Shortly after the founding of the Church of Christ (Latter Day Saint), early Mormon missionaries were instructed in a revelation to Joseph Smith in September 1830 to "go among the Lamanites and preach my gospel unto them." The "Lamanites" were understood to be Native Americans living on the border of Missouri, where they were being forcibly relocated by the United States government. The location of Zion was not specified, but originally given in revelation to be "among the Lamanites," across the border of Missouri in Indian territory. When missionaries arrived however in January 1831, the United States government did not permit any missionary work or Latter Day Saint settlements.

On July 20, 1831 Smith received a new revelation that the location of Zion would be located across the river on the "borders of the Lamanites" in Jackson County, specifically in the county seat of Independence. Earlier revelations were modified to reflect the new location in Missouri rather than Indian territory. The Mormons settled primarily in the western part of Kaw Township and opened a school in what is now Troost Park. On August 3, 1831, Smith, Oliver Cowdery, Sidney Rigdon, Peter Whitmer Jr., Frederick G. Williams, W. W. Phelps, Martin Harris, and Joseph Coe laid a stone as the northeast cornerstone of the anticipated temple in Independence. On December 19, 1831, Edward Partidge, who had been selected as Bishop to the Independence congregation, purchased 63 acre, including the Temple Lot.

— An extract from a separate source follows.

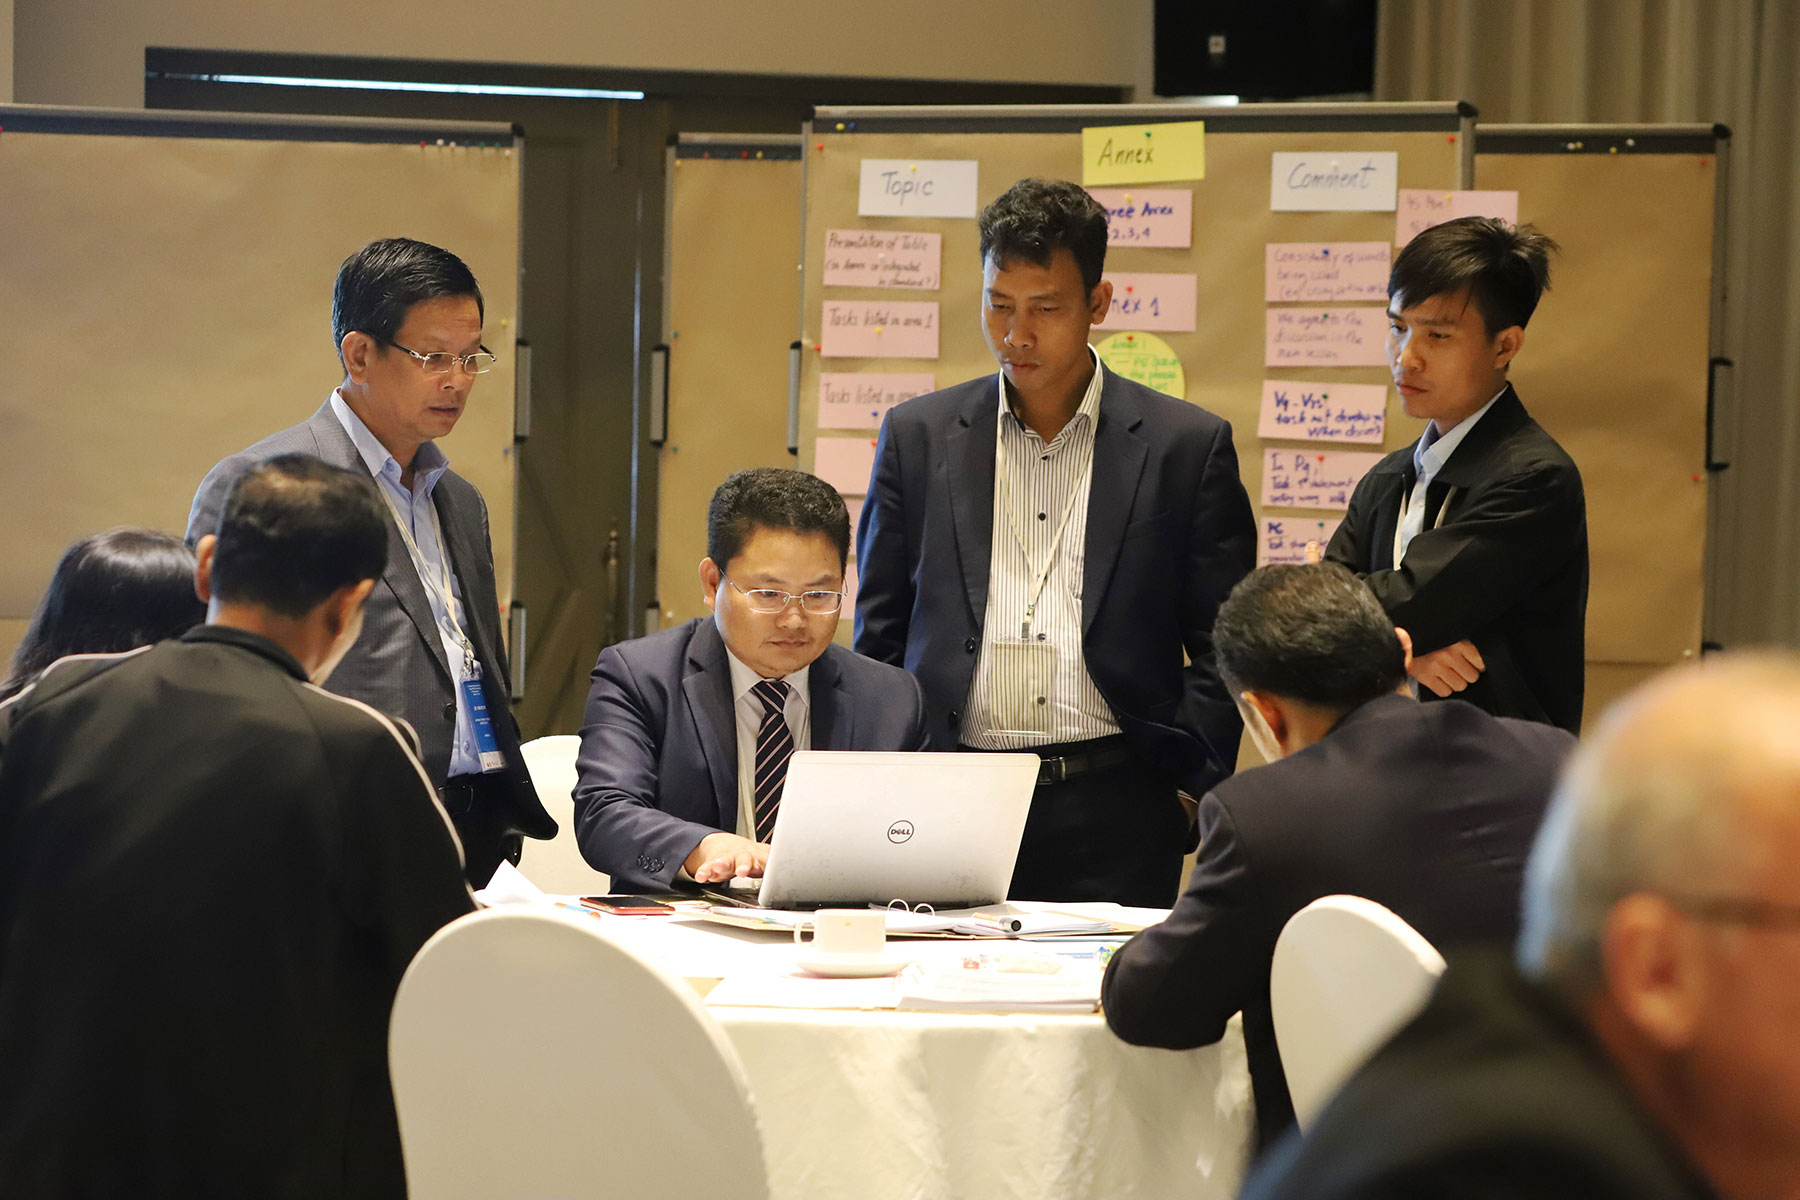 6 ASEAN countries meet to intensify green skills and vocational disciplines in Regional TVET Teacher Standard

In June 1832, W.W. Phelps, Mormon convert and a former editor from New York, moved to Independence, and set up operation of a printing press, establishing The Evening and the Morning Star, a monthly Mormon newspaper. Independence resident Josiah Gregg recalled: "in proportion as [the Mormons] grew strong in numbers, they also became more exacting and bold in their pretensions. In a little paper printed at Independence under their immediate auspices, everything was said that could provoke hostility between 'saints' and their 'worldly' neighbors, until at last they became so emboldened by impunity, as openly to boast of their determination to be the sole proprietors of the 'Land of Zion.'"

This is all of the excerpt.